И я вижу в ее глазах боль, несвойственное ей сожаление.
– Столько лет прошло!
– Знаю.
Мама пересекает комнату, но не пытается меня обнять. Наверное, чувствует, что мне этого не хочется, что я все еще пытаюсь осмыслить свое новое положение – обстановку, ее приезд, да все вокруг!
– Сигарета мне сейчас не помешала бы, – бормочет мать, скрещивая руки и делано усмехаясь самой себе.
Я не помню мать курящей. Но, возможно, она закурила после моего исчезновения. Пристрастилась на нервной почве. Не мне ее винить. Мать опускает руки, суетливо теребит ими ткань платья. Наконец, собравшись с духом, заглядывает мне в глаза:
– Я не знаю, что произошло между тобой и Тревисом в том лесу. И почему вы поженились, но… – осекается мать; быть может, решила не говорить того, что думала. Через пару секунд она продолжает: – В полиции нам сказали, что ты плохо помнишь свою жизнь до отъезда.

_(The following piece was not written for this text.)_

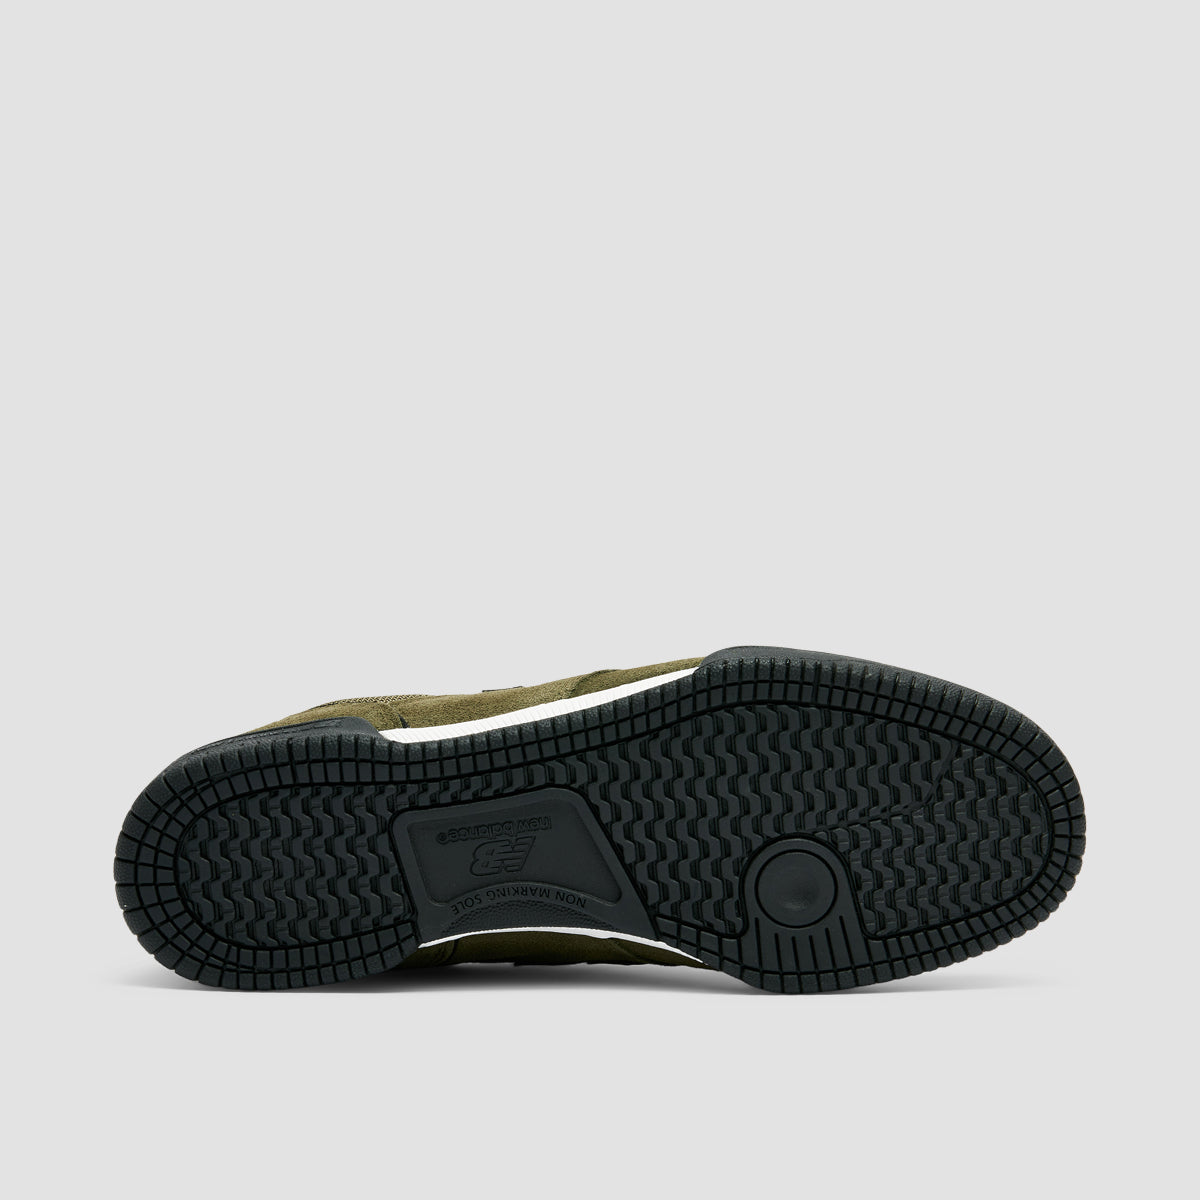 New Balance Numeric 600 Tom Knox Shoes - Olive/Black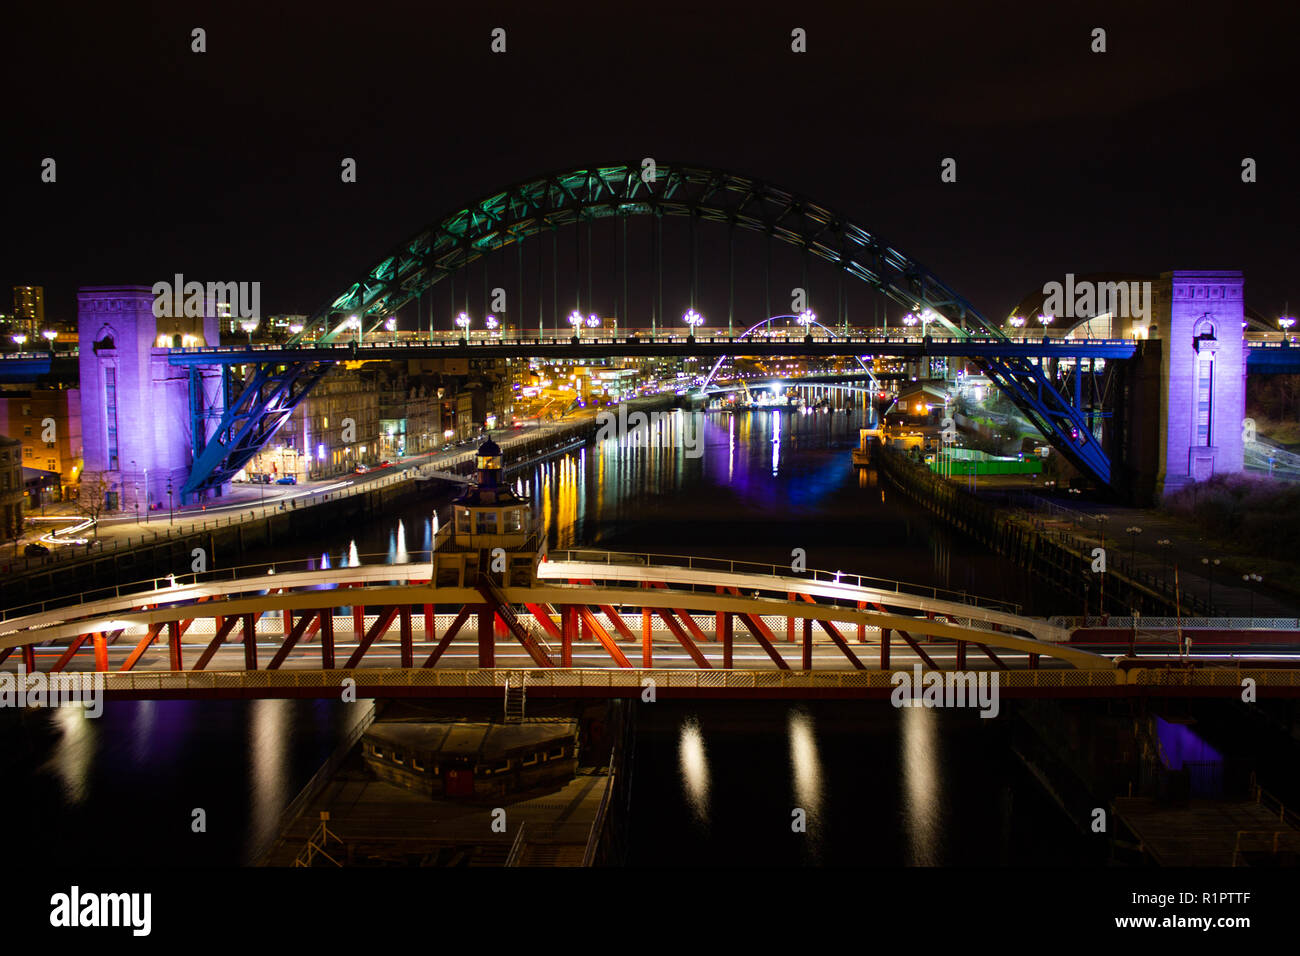 Newcastle upon Tyne/England - February 17th 2012: Tyne Bridge and swing bridge at night Stock Photo

Я поднимаюсь с кровати. С небольшим усилием, но у матери хватает сообразительности не пытаться мне помочь, за что я ей реально благодарна. Она только наблюдает за тем, как я подхожу к окну и обвожу взглядом парковку. Чуть дальше под лучами вечернего солнца сверкает неестественными бликами бассейн.
– Память возвращается, только медленно.
– А ты помнишь мои рассказы о том месте, в котором я когда-то жила?
Обернувшись лицом к маме, я прислоняюсь бедром к оконной раме. Для устойчивости.
– То место звалось Пасторалью.
У меня пересыхает во рту.
– Я знаю, ты была там, – продолжает мама. – Ты вернулась туда, где родилась.
Я хватаюсь за край окна. Как бы колени подо мной не подогнулись!
– Я родилась в Пасторали?
Брови матери сходятся к переносице.
– Я не хотела говорить тебе правду. Но ты так сильно разозлилась на меня в тот день… Тебе нужно было понять…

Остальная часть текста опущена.